Posted by: FatTriplet3 | March 30, 2010 10:03 AM | Report abuse

Like a stopped clock you are right twice a day. This is one, what will be the next?

Posted by: kingstu01 | March 31, 2010 2:33 PM | Report abuse

"Democrats, because they like good policy (and are open to considering libertarian arguments against over-licensing professions, tax-subsidies, local land use craziness, etc) whereas Republicans only like to protect businesses' pocketbooks instead of supporting open markets."

Is this a joke? Take a look at states where Democrats hold the majority (i.e. California and New York) and you will find the most heavily licensed, taxed and regulated economies.

Posted by: kingstu01 | March 31, 2010 2:35 PM | Report abuse

kingstu, take 2 seconds out of your day and do a quick search of state gdp per capita.

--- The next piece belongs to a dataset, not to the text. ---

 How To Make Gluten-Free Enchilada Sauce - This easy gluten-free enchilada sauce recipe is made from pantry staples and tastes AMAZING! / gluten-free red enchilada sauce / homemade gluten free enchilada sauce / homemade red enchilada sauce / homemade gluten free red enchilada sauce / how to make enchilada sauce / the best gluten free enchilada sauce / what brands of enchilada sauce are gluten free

do you see a trend where unregulated red states dominate everyone in their economies? is nyc some sort of dystopia of over-regulation? of course not. subtracting out the oil oligarchies (alaska), the blue states have all the quality of life measurements and all the wealth. the red states don't.

Posted by: Chris_ | April 1, 2010 10:48 AM | Report abuse

... besides, it's not really "regulation" we're talking about, anyway. Red states are far from "free markets..." -->

I could point to Alabama farm subsidies or any other market-altering regulations that the GOP has no problem with. And that's the thing: the GOP mouths BS about markets only where it coincides with interests of big business. There's no concern when it conflicts with those interests (licensing, farm subsidies, endless trademark/patent terms, property tax breaks to attract business, prescription drug benefit, no-bid contracts, etc).

So it's extremely dishonest for the GOP to blather on about regulation, etc when both sides are bad in their own ways. HOWEVER, it still seems as if the markets in your "over-regulated" states still do far better.